*Task item*:
All of the data should be reproduced word for word, though its pictures must be omitted.

*Dataset section*:
########################################

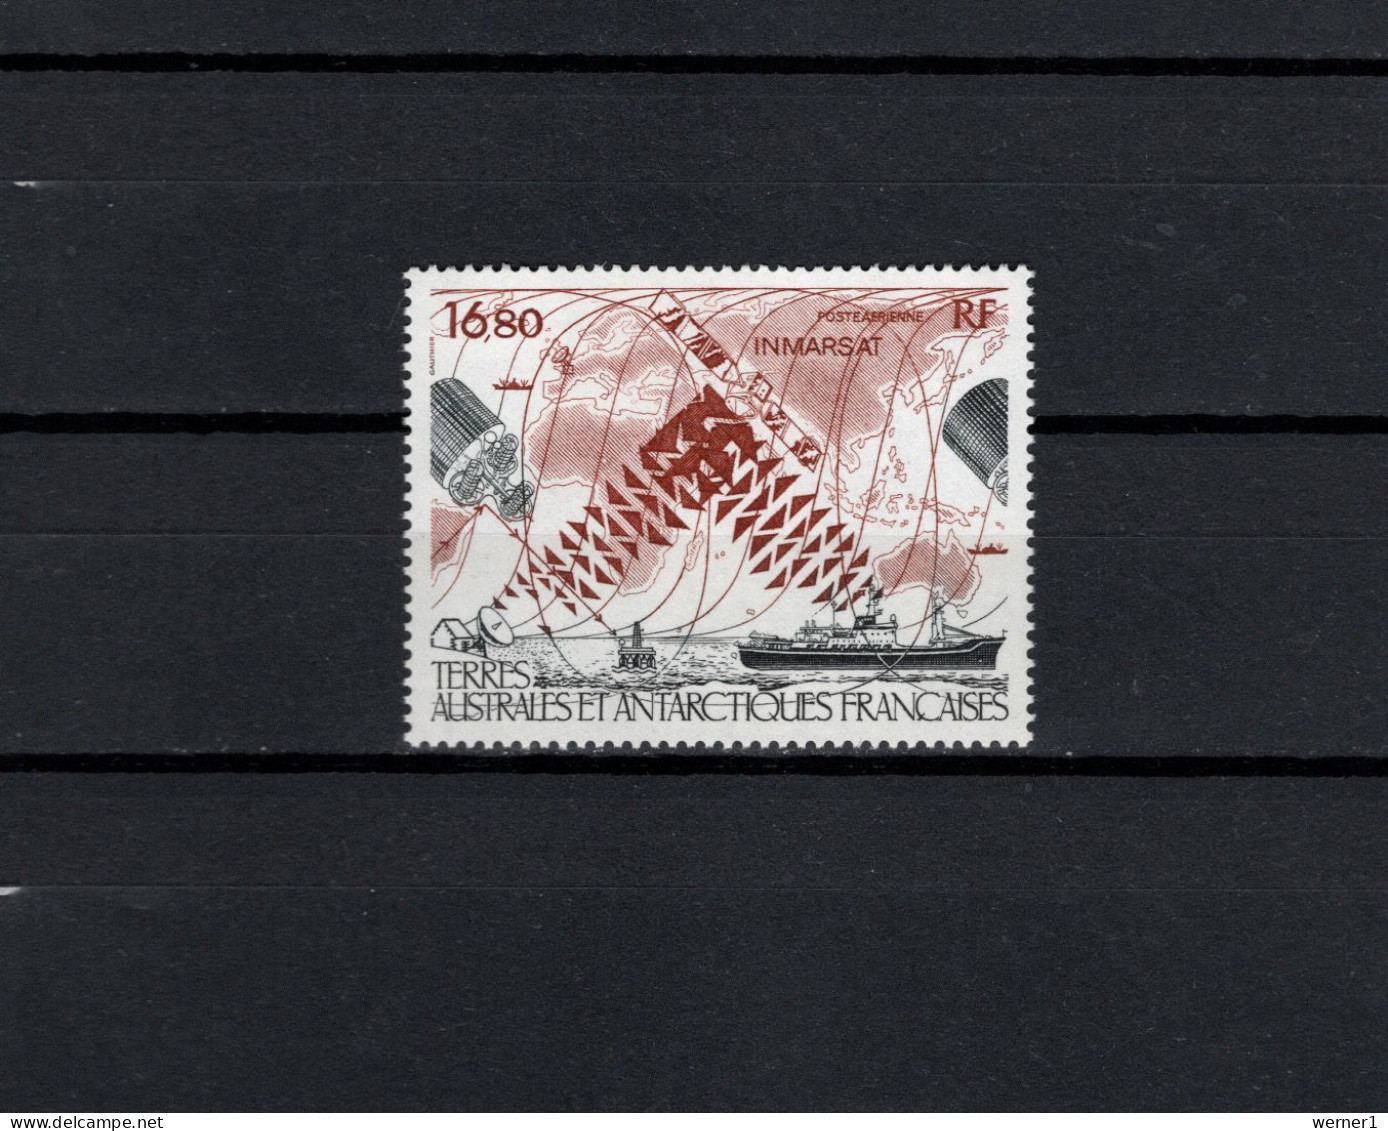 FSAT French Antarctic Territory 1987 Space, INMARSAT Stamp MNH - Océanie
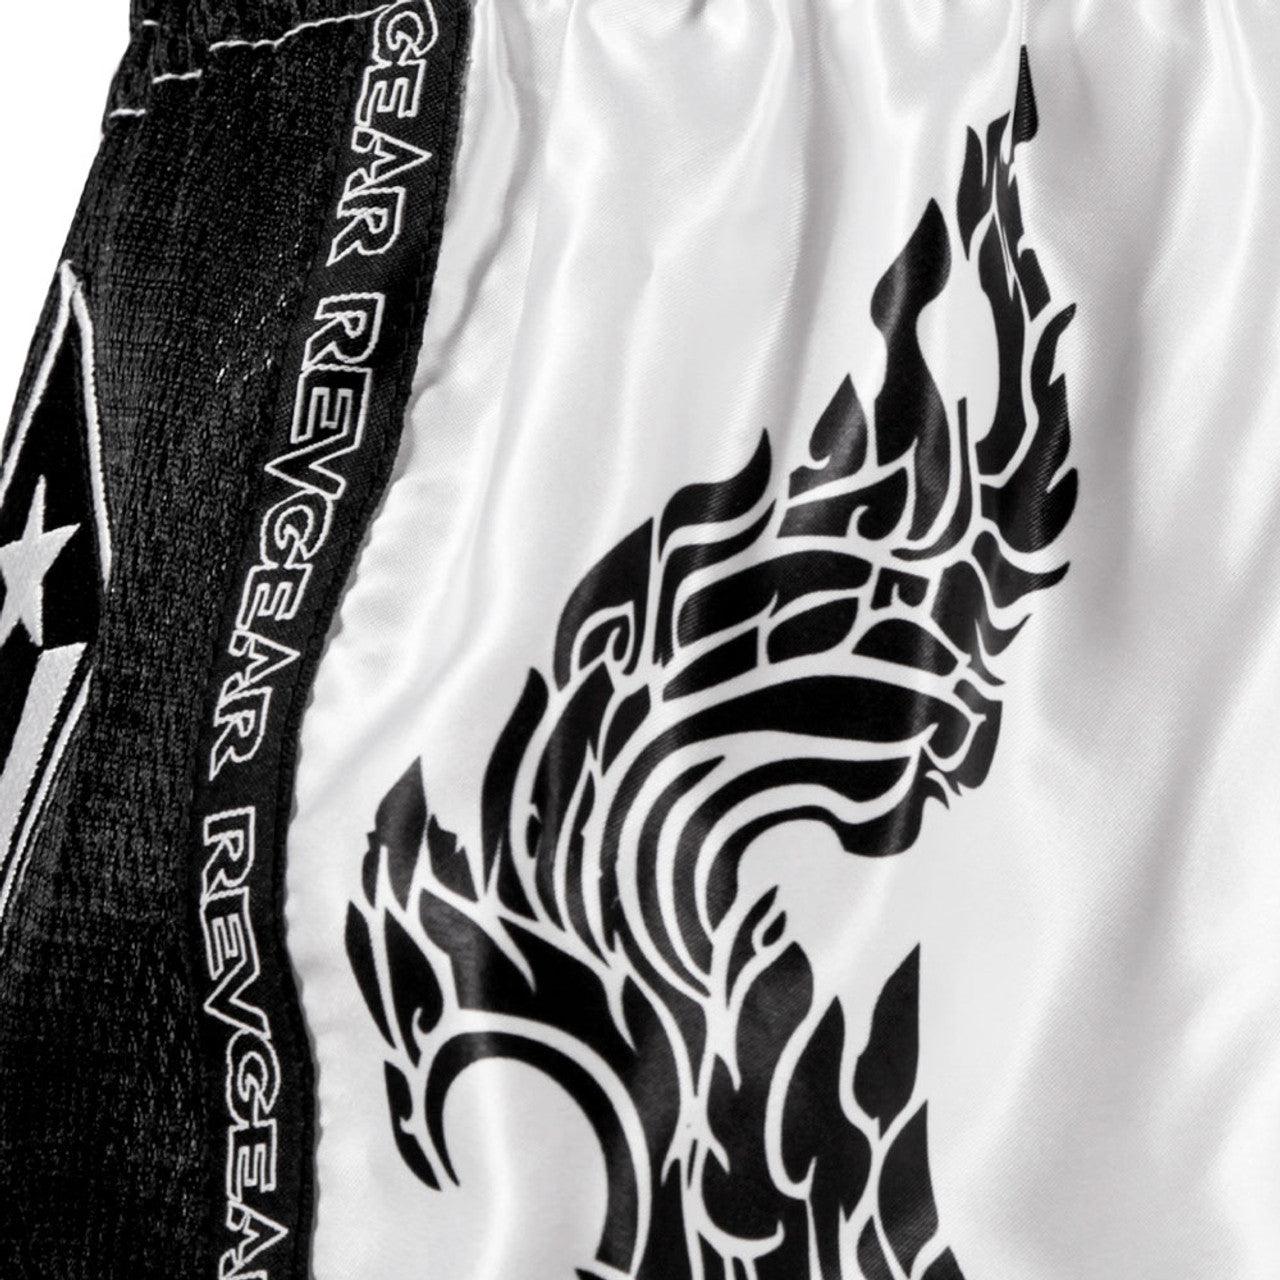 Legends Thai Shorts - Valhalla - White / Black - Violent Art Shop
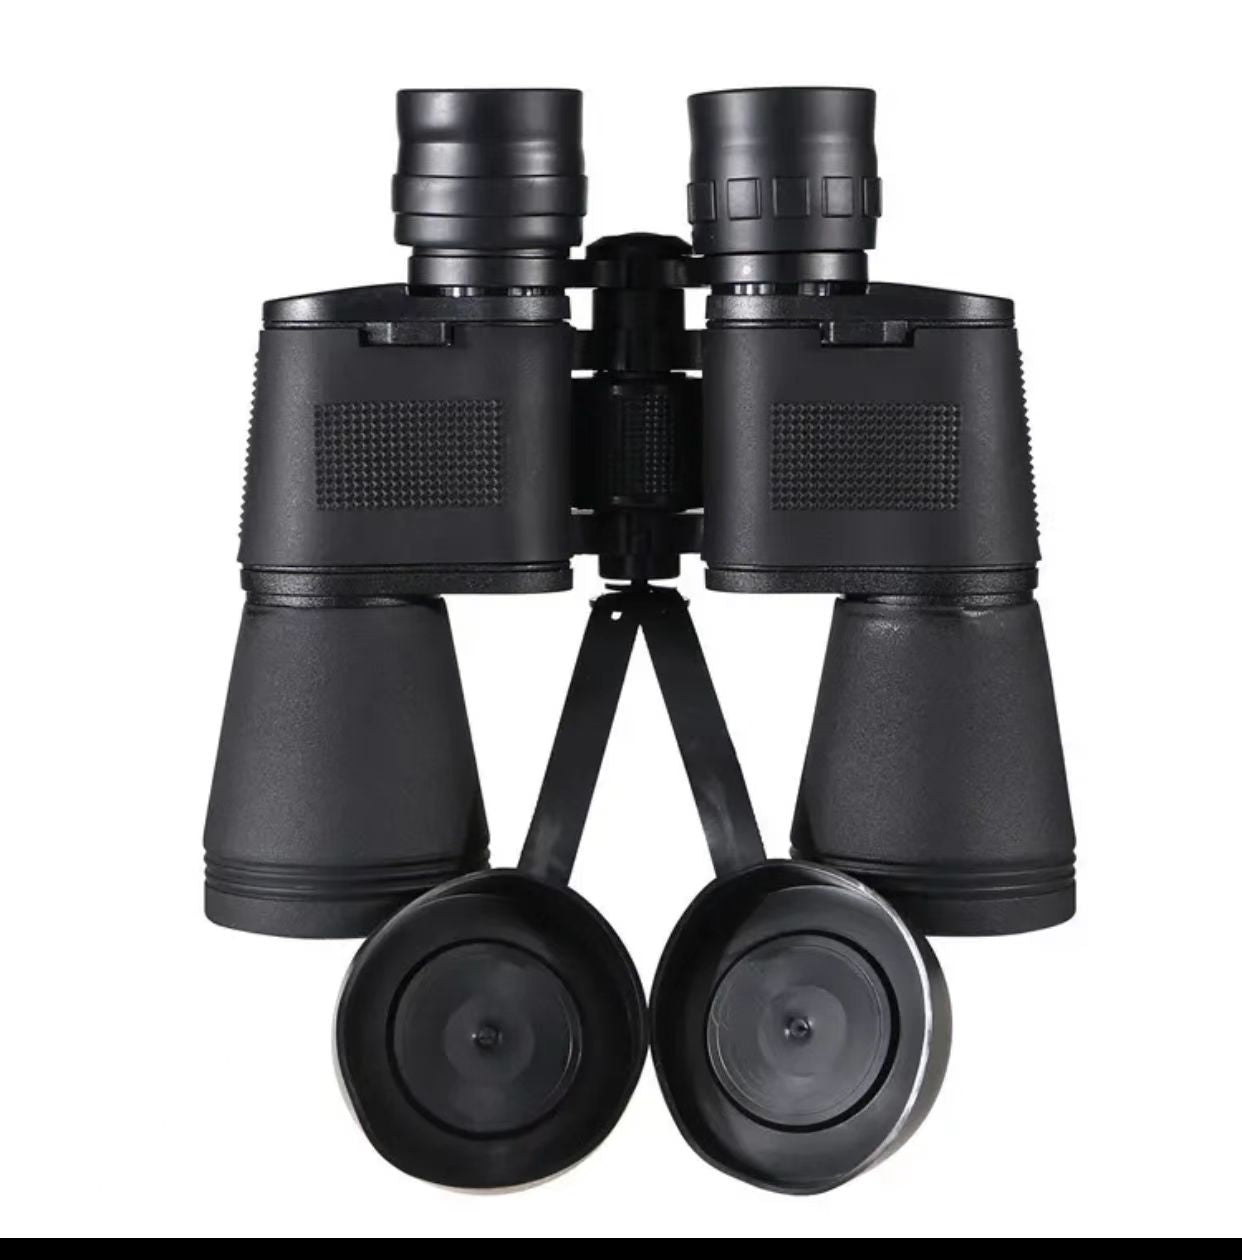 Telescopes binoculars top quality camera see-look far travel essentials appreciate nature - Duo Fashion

########################################

*Worked solution*:
 FSAT French Antarctic Territory 1987 Space, INMARSAT Stamp MNH - Océanie
 Legends Thai Shorts - Valhalla - White / Black - Violent Art Shop
 Telescopes binoculars top quality camera see-look far travel essentials appreciate nature - Duo Fashion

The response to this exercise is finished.